Investor: “Are Y and Z your competitors?”

Founder: “No, not really!”

Investor: “Umm…Why?”

Founder:“You know…, because, we do X, Y does x and Z does x.”

This is how some of the conversations between an investor and a founder regarding competition go as founders, typically, magnify the level of differentiation in their company’s offering/strategy compared to A, B, C and so on . Sometimes, it’s intentional because that is what the investor wants to hear if the company is the 10th entrant in the space and the entrepreneur knows that the true picture isn’t rosy enough. But, sometimes, the entrepreneur’s perception about the intensity of competition is distorted due to a combination of endowment bias, over-confidence in one’s own abilities and delusional optimism. This distorted perception leads entrepreneur into believing his/her company is different from existing players even when it’s not. The entrepreneur, then starts categorising a company Y or Z not as his/her competitor based on differences in product, business model and monetization strategy or similar parameters on the basis of which the company is different but that do not necessarily result into a differentiated value proposition. That categorization is then fed into the entrepreneur’s own mental framework to determine the vision, decisions and strategy for his company. Therefore, this distortion ends up in a severe understatement of the competition and hence, translates into a weak offering with not enough differentiation.
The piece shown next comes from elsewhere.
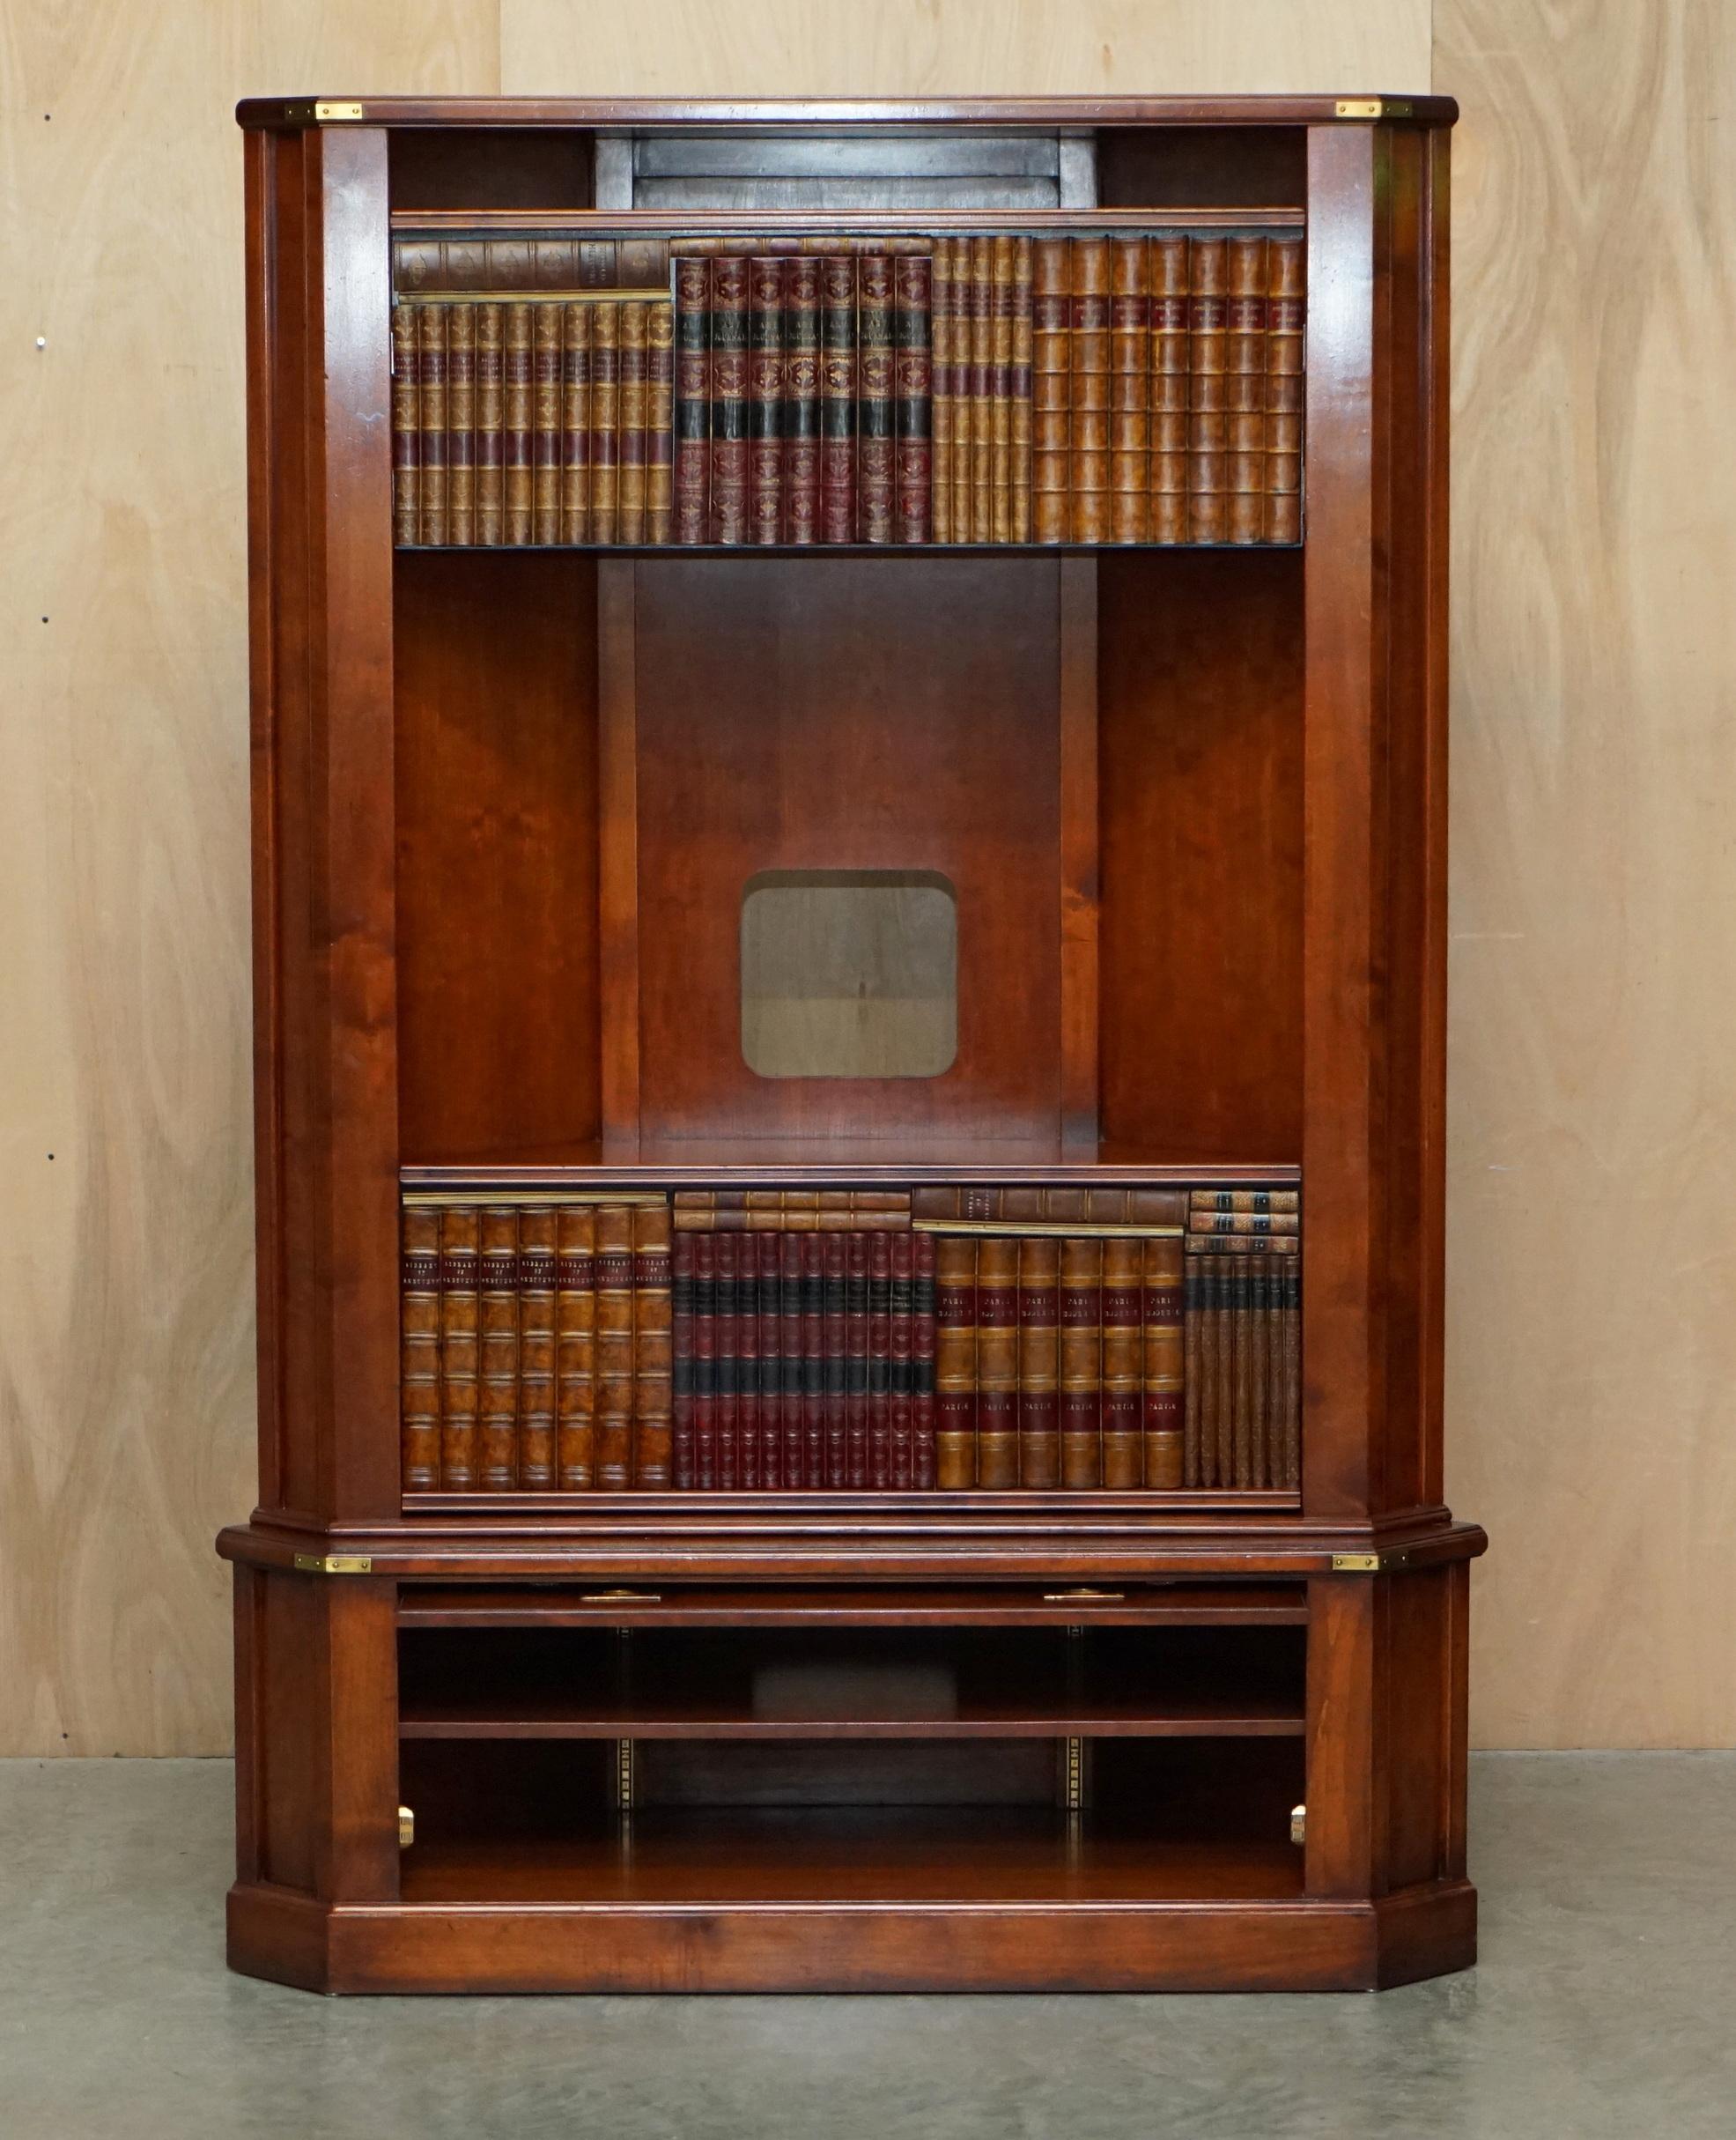 1 of 2 Harrods London Kennedy Hardwood Bookcase Home Bar Cabinet Faux Books For Sale 7

Peter Thiel, in his book “Zero to One” and in this blog, perfectly captures how companies typically define competition:

“The confusion comes from a universal bias for describing market conditions in self-serving ways: Both monopolists and competitors are incentivized to bend the truth. Monopolists lie to protect themselves. They know that bragging about their great monopoly invites being audited, scrutinized and attacked. Since they very much want their monopoly profits to continue unmolested, they tend to do whatever they can to conceal their monopoly — usually by exaggerating the power of their (nonexistent) competition.

Non-monopolists tell the opposite lie: “We’re in a league of our own.” Entrepreneurs are always biased to understate the scale of competition, but that is the biggest mistake a startup can make. The fatal temptation is to describe your market extremely narrowly so that you dominate it by definition.”

A framework that I have found useful in defining competition while evaluating businesses is looking at the dollar pool of revenues or profits that the company is vying for and identifying the players who are competing for the same dollar pool. In the early stage, a company might get away by defining competition narrowly and attain upto 1–2% market share but as it scales, competing for an additional percentage point of the dollar pool becomes tougher. The error in narrowly defining the competition hampers the growth trajectory of the business as the competitors take notice and fight tooth and nail for gaining or maintaining their market share.

A good example of the tendency to define competition narrowly is apparent in the restaurant business. Since, opening a small restaurant takes less capital compared to building businesses in other industries and product offering is perceived to be quite simple requiring low expertise, every year, thousands of new restaurants are started. And, what entices most of the restaurant owners into opening a restaurant is expectation of a large profit pool that is significantly overestimated owing to a narrow definition of competition. However, here is what the thought process should be like — If you want to open a North Indian restaurant in a locality and there is no North Indian restaurant within a radius of 3km from the proposed location, it doesn’t translate into “no competition” for the business. You are competing with the South Indian restaurants and the Italian restaurants, the dine-in restaurants and the home-delivery enabled Domino’s outlets, the road side restaurants and the food courts in malls, and so on. Everyone is competing for the “eating out dollars” of the same consumers living in the locality. Once you have defined the competition in this manner, you can go on to determine how your positioning will be different from the existing alternatives. You can still go ahead with the belief that there is no to little competition and build a relatively small business, however, the impact of the competition would be felt more severely as you look to scale the same restaurant in size or open more restaurants in that locality and start impacting the revenue dollars of the nearby restaurants.

In an world where companies like Uber are going global in less than three years after starting up, companies like Amazon are entering new industries every year and capital is ready to back goliath ambitions of entrepreneurs thousands of miles away in pursuit of humongous returns, narrowly defining competition can prove to be a very costly mistake.